Victor Wembanyama has grown a little. Or not, depending on perspective.
The official height for the No. 1 pick in this year’s draft, the San Antonio Spurs said Wednesday, is 7 feet, 3½ inches — and that was measured without shoes, per NBA guidelines.
That’s a half-inch taller than Wembanyama said he was in October, when he was in Las Vegas for two exhibition games. (His official height then was 2.21 meters, he said, and he’s now nearly 2.23 meters.) Which makes sense, given that he was 18 then, has turned 19 since and it’s reasonable to think he might still have a bit of growing left.
He has been listed by various sites as anywhere between 7-foot-2 and 7-foot-5, in part because of how he towers over other 7-footers when photographed standing with them.
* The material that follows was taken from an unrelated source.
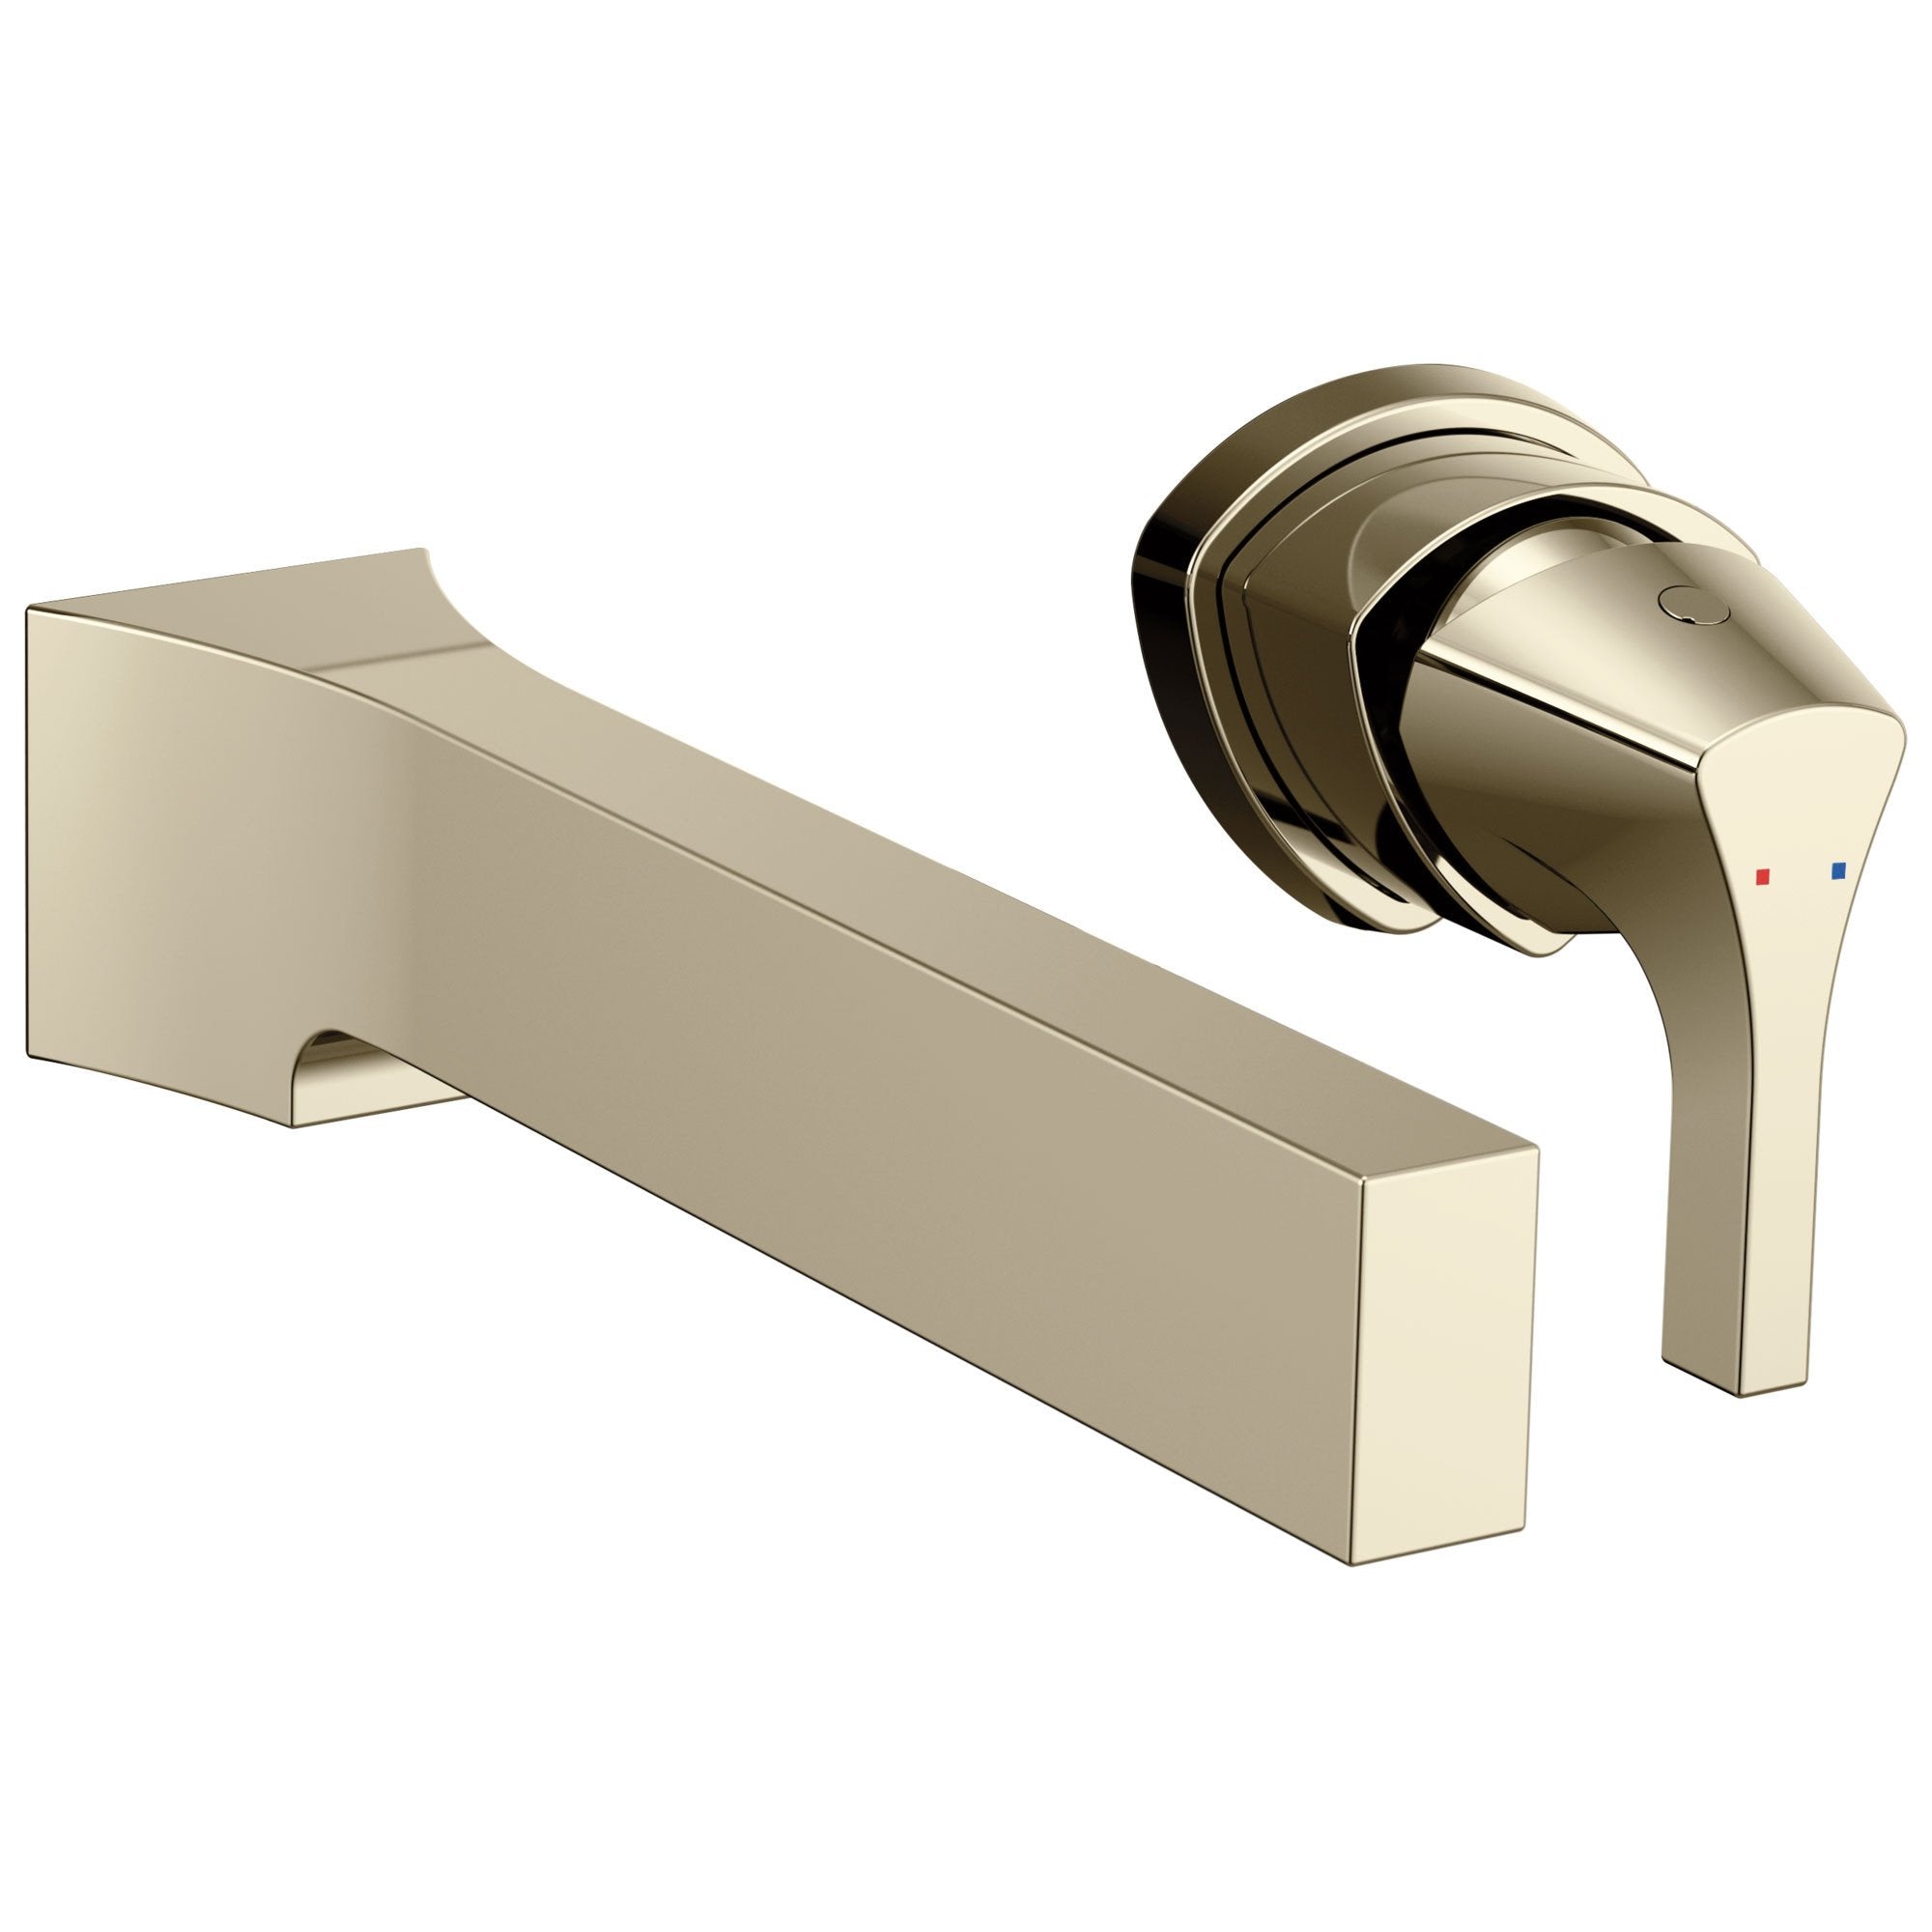 Delta Zura Collection Polished Nickel Finish Single Handle Modern Wall Mount Lavatory Bathroom Faucet Trim Kit (Requires Rough-in Valve) 745572
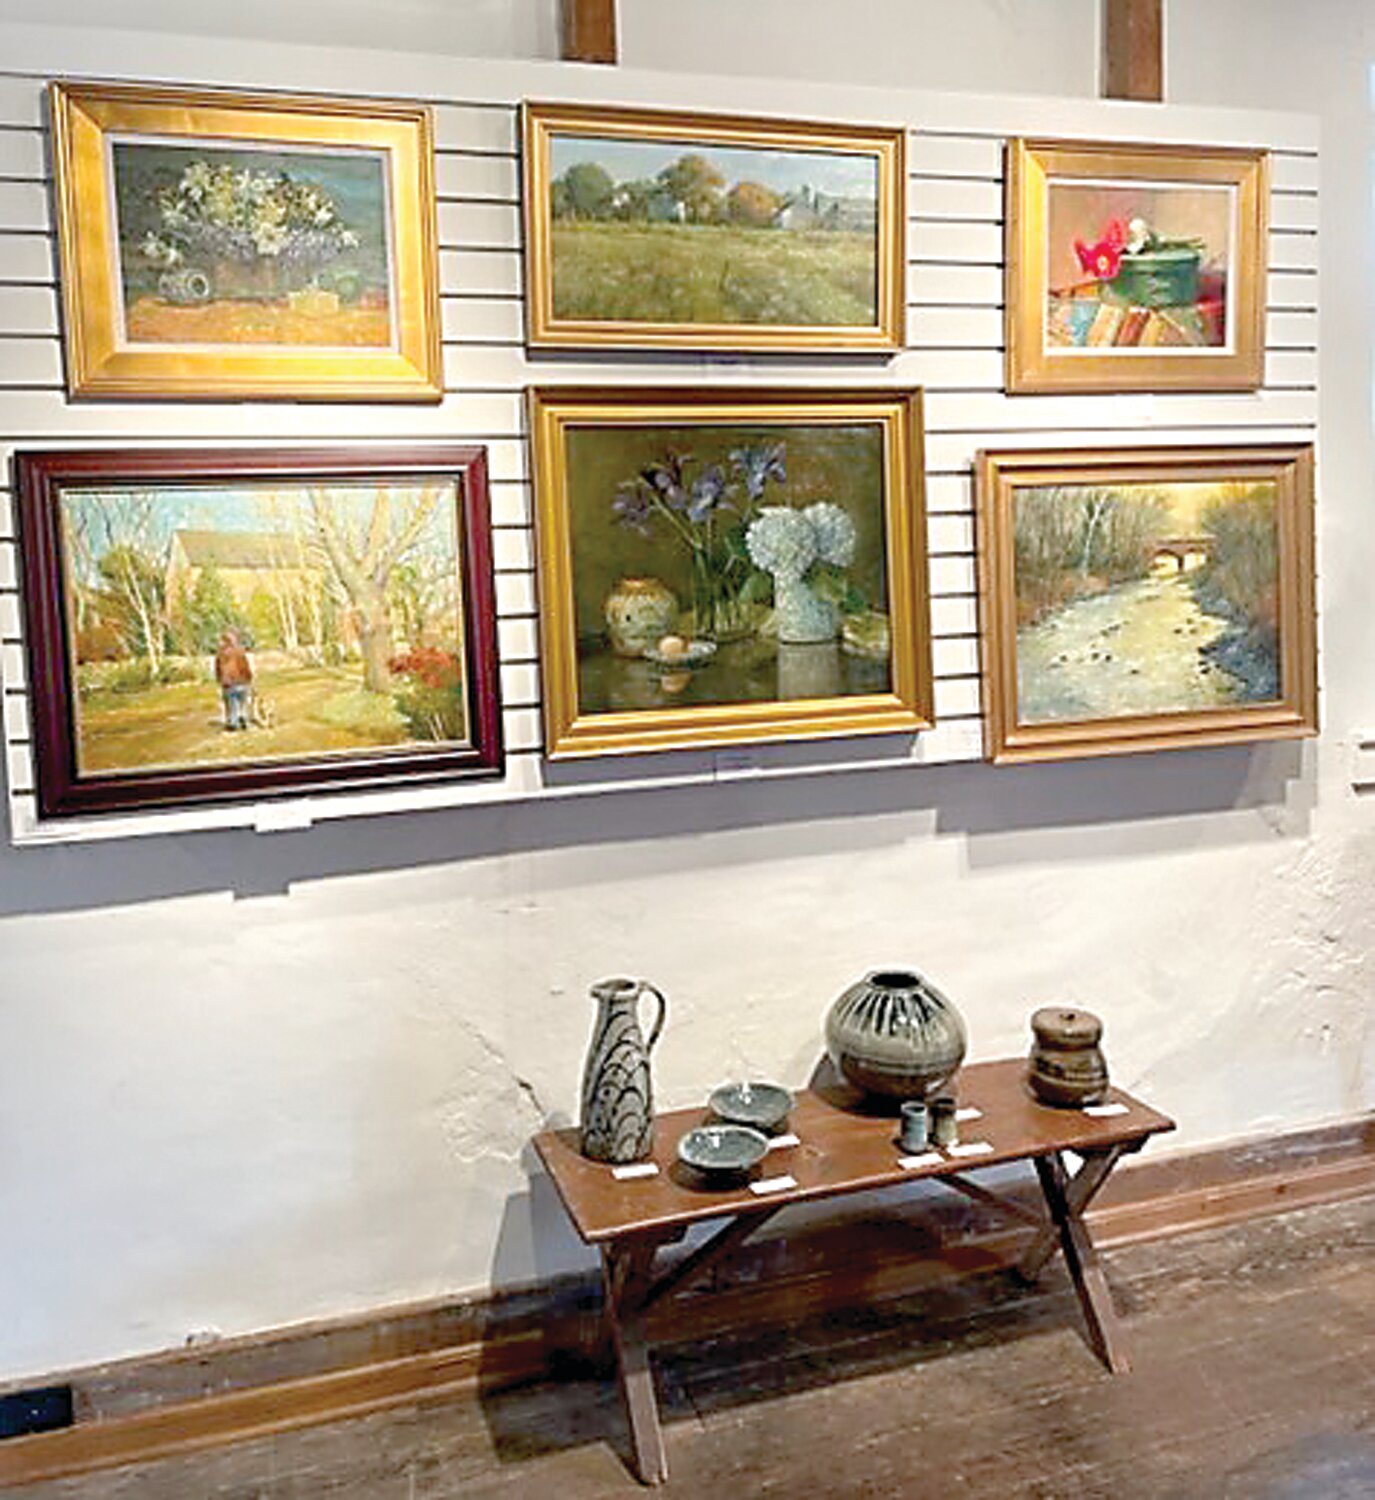 Paintings by Dot Bunn and stoneware by Willi Singleton.

The NBA listed him at 7-4 in the league’s guide for last week’s draft, but that was not based off any official measurement.
The 7-3½ figure puts Wembanyama on pace to be the NBA’s second-tallest player this coming season. Officially, the NBA listed Boban Marjanovic at 7-4 this past season, making him the league’s tallest player. Kristaps Porzingis, who played for the Washington Wizards and has since been traded to the Boston Celtics, was listed at 7-3.
Almost every player in the draft had his height measured by the NBA in recent weeks, most of them at the draft combine in Chicago in May. Wembanyama was not at the combine; his team in France still had its season going on at that time, so he couldn’t get to Chicago to be measured.
But when he arrived in San Antonio this past weekend, the Spurs got the official number.
Wembanyama would have been the tallest player at the combine as well, albeit barely. Purdue’s Zach Edey, the AP college basketball player of the year who decided to return to school, measured in at 7-3¼, the NBA said.
The NBA changed its policy before the 2019-20 season, requiring players to be measured without shoes for their official height. That led to a number of players “shrinking” an inch, although a handful of players — Kevin Durant, for example, who went from being listed at 6-9 to officially measuring 6-10 — actually got an inch taller on paper when their measurement was updated.